Since the flow of blood and nutrients to tumors is a key principle in angiogenesis, researchers are employing radiologic techniques to view blood flow to tumors, vascular permeability, and tumor metabolism. PET scans, MRI, three-dimensional ultrasound, and laser scanning cytometry of biopsies are being tested. A drawback to most imaging methods is that the highest resolution or best image is on preserved tissue, not live tissue, according to some critics.

Intravital microscopy (IVM)—a multi-photon laser-scanning microscope being developed by Harvard University Medical School professor Rakesh Jain, Ph.D., who has worked on the in vivo technique for 20 years—may change that. "IVM allows continuous non-invasive monitoring of molecular and cellular processes in intact living tissue with a 1-10 µm resolution not possible with non-optical techniques," Jain said.

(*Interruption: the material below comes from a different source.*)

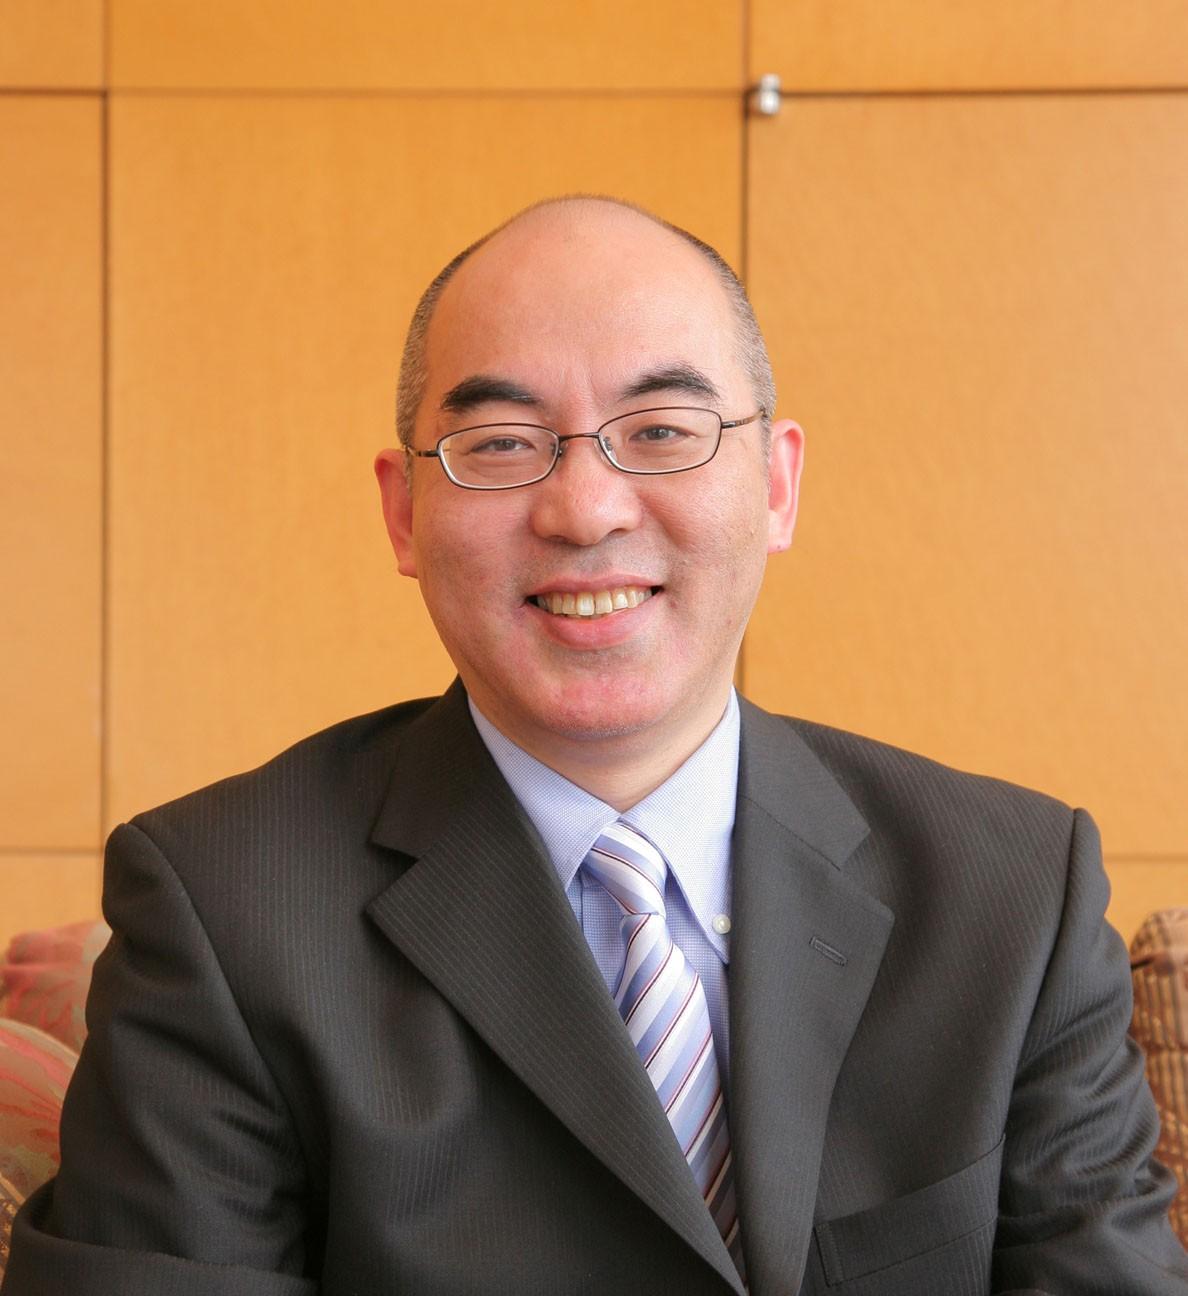 http://atta2.weblogs.jp/.a/6a01287589fbf4970c0167684e45c6970b-pi

Jain’s IVM work has shown that blood flow, vascular permeability, and interstitial diffusion change during treatment with angiogenesis inhibitors. Perhaps most interesting is that IVM confirmed that antiangiogenesis drugs can actually normalize tumor vessels, making them more efficient than their regularly leaky state. Jain believes that this could be used against the tumor: antiangiogenic drugs can normalize blood vessels, which can in turn be exploited by delivering chemotherapy more efficiently to the tumor.